The task: Beginning with the opening line, set down each line of the material below exactly, stopping once the line with "Titolo: Il racconto" is done.

Records to use:
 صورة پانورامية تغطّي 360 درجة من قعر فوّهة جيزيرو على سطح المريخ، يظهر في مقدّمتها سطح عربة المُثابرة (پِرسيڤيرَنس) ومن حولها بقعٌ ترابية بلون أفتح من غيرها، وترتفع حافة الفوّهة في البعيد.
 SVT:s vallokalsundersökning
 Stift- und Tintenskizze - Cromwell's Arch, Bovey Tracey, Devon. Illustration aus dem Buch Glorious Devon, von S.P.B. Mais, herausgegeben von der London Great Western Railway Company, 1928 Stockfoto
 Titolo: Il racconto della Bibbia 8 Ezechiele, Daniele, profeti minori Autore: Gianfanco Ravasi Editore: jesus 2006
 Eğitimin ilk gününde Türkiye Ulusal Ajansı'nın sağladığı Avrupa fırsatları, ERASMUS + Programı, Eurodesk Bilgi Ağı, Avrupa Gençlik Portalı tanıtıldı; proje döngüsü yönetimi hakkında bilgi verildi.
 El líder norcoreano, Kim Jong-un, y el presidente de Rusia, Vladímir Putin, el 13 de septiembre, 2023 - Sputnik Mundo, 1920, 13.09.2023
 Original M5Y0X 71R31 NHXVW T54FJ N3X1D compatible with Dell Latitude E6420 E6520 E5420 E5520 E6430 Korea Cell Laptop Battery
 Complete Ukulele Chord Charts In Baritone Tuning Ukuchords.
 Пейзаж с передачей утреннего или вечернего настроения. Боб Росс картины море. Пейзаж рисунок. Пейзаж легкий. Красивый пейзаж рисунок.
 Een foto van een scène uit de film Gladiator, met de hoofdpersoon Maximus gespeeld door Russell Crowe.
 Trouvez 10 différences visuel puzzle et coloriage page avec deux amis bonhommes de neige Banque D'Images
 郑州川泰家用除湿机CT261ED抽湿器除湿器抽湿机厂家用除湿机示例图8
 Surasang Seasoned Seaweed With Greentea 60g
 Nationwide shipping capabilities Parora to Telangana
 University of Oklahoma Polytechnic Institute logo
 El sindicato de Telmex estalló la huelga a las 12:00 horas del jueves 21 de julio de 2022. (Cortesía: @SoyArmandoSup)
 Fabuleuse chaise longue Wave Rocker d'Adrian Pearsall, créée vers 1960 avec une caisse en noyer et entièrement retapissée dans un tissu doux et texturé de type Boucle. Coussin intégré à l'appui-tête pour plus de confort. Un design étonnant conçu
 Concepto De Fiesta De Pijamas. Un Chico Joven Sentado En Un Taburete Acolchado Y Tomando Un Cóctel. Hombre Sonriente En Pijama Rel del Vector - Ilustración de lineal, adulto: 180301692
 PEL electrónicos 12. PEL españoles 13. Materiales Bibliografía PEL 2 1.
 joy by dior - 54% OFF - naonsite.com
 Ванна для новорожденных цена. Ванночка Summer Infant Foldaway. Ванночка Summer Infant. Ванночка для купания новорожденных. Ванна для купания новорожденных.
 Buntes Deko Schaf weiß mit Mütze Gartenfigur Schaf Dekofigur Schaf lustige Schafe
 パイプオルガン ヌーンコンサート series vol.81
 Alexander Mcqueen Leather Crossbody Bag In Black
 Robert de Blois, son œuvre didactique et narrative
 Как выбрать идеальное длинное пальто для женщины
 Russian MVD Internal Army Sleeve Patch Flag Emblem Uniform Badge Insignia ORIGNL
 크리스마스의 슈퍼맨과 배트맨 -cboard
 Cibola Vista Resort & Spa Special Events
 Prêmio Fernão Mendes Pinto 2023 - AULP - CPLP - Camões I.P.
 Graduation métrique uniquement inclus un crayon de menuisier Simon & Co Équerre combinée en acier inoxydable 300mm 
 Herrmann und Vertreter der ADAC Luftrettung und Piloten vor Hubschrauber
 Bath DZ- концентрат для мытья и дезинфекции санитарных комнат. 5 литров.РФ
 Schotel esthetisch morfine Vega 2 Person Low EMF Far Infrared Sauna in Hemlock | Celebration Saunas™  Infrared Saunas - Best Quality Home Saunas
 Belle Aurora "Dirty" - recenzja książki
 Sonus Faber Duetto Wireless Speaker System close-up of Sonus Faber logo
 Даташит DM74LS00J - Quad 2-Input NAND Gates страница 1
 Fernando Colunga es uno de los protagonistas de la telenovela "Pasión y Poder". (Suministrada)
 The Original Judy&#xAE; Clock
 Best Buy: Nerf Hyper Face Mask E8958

Solution to this exercise:
 صورة پانورامية تغطّي 360 درجة من قعر فوّهة جيزيرو على سطح المريخ، يظهر في مقدّمتها سطح عربة المُثابرة (پِرسيڤيرَنس) ومن حولها بقعٌ ترابية بلون أفتح من غيرها، وترتفع حافة الفوّهة في البعيد.
 SVT:s vallokalsundersökning
 Stift- und Tintenskizze - Cromwell's Arch, Bovey Tracey, Devon. Illustration aus dem Buch Glorious Devon, von S.P.B. Mais, herausgegeben von der London Great Western Railway Company, 1928 Stockfoto
 Titolo: Il racconto della Bibbia 8 Ezechiele, Daniele, profeti minori Autore: Gianfanco Ravasi Editore: jesus 2006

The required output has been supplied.